[webkit-dev] Proposal: Remove ENABLE(MATHML)

Frédéric WANG fred.wang at free.fr
Wed Oct 25 11:31:35 PDT 2017


On 25/10/2017 19:05, Maciej Stachowiak wrote:
>
> (1) Is it at all common to use MathML with a math font specified as a web font? Can you give an example?
I can't say whether it is "common" but I guess the trick is well known
by MathML users, since unfortunately many systems do not provide math
fonts by default. I have a github repo with known fonts at
https://github.com/fred-wang/MathFonts

As an example Jacques Distler uses STIX 2 WOFF on his blog:

https://golem.ph.utexas.edu/~distler/blog/archives/002702.html
https://golem.ph.utexas.edu/~distler/blog/styles-site.css

Some people also bundle WOFF fonts in web apps or ebooks.
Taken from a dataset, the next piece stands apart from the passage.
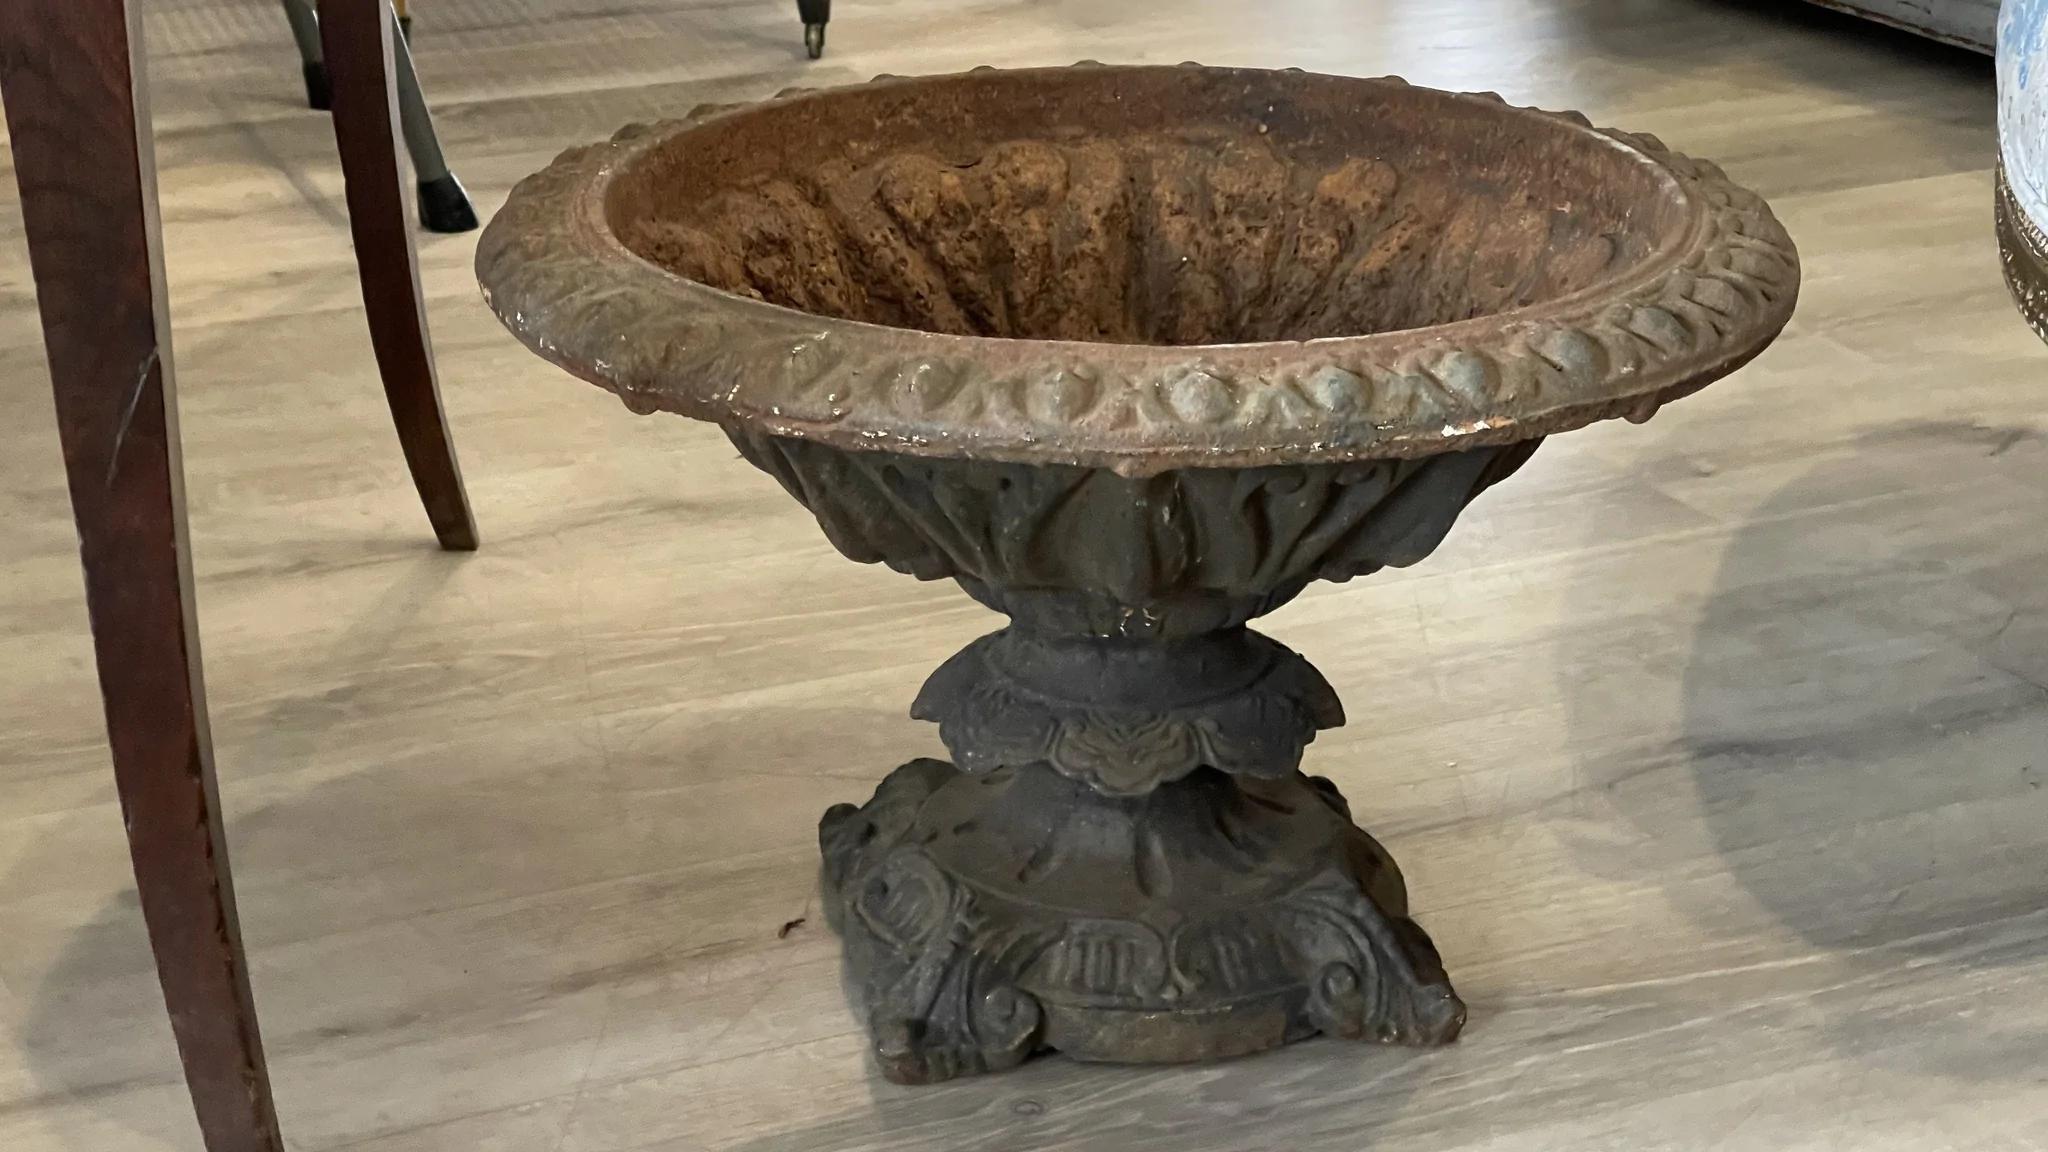 19th Century Cast iron planter urn form with fine foliate detail throughout.

Web fonts are
also used by browser addons e.g.
https://addons.mozilla.org/en-US/firefox/addon/mathml-fonts/ which allow
to workaround the lack of system fonts (and the impossibility to install
them for users).

Website using MathML often have a page with installation instructions
for math fonts, for example on NIST dlmf:
http://dlmf.nist.gov/help/mathml#S3

Note that I've seen similar things (WOFF fonts, addons, instructions)
for other languages in the past e.g.
https://addons.mozilla.org/en-US/firefox/addon/khmer-fonts-package/, so
again it's not specific to math.

> (2) Is it at all common to use MathML only to the extent that it's rendered fine without a math font?
Again, I'm not sure how common it is but I've seen some users happy with
basic MathML rendering for elementary calculations. I was also surprised
to see some people excited about my CSS stylesheet at
https://github.com/fred-wang/mathml.css that can render very basic math.
There are a lot of such formulas on Wikipedia, for sure for instance
https://en.wikipedia.org/wiki/Fraction_(mathematics) contains MathML
formulas that can be rendered without specialized math fonts.
> (3) In the cases above, is there usually an image fallback?
It really depends on the website. But definitely people using MathML
need some fallback (image, CSS layout, javascript layout, text etc).
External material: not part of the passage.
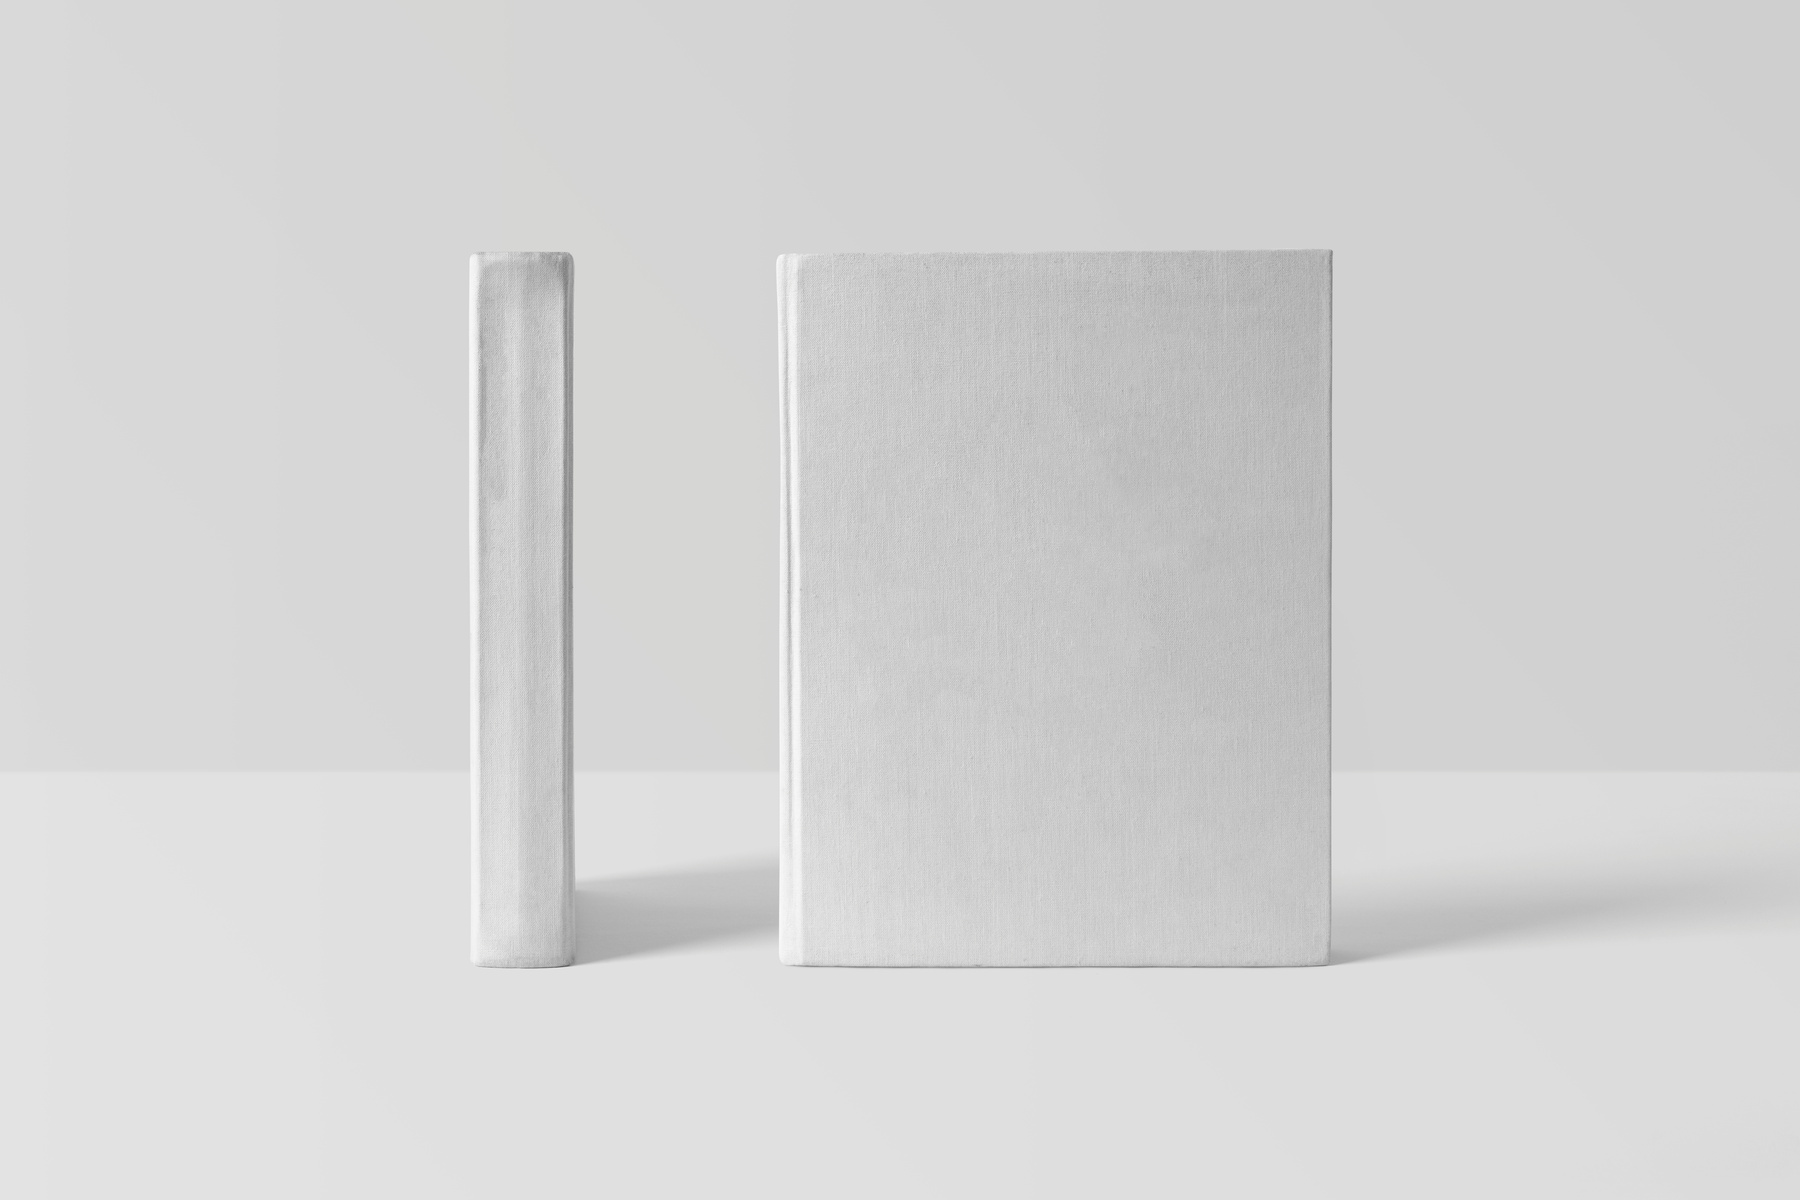 Blank Books on a White Background

How this fallback is triggered depends on the website, there is not any
real rule. IIUC, the argument mentioned earlier only considers the case
where an author would try to detect MathML support and automatically
fallback to an image otherwise. As I said, authors could also try to
detect availability of math fonts, or provide WOFF fallback (Distler's
blog), or have a page to explain how to install fonts (e.g. NIST dlmf),
or use image by default and explain how to enable MathML & install fonts
(e.g. Wikipedia), or provide LaTeX fallback in an <annotation> (my blog)
or...

IMHO, platform owners should not speculate on what authors will do.
Disabling MathML just because of the lack of math fonts, does not seem a
good idea. On the one hand, if MathML is enabled page authors can still
decide to serve fallback content if they think the support is not good
enough on the user platform. On the other hand, if the platform owner
has disabled MathML, then there is no way for users/authors willing to
use MathML to force it to be enabled again...
> Why don't we wait to hear from port owners whether they would actually want to disable MathML for reason of compatibiltiy. Knowing answers to the above questions would help.
Sure. My email was to follow-up on
https://bugs.webkit.org/show_bug.cgi?id=177744 and the discussions at
the Web Engines Hackfest, so they are not forgotten. But there is no
hurry to remove the build flag for now.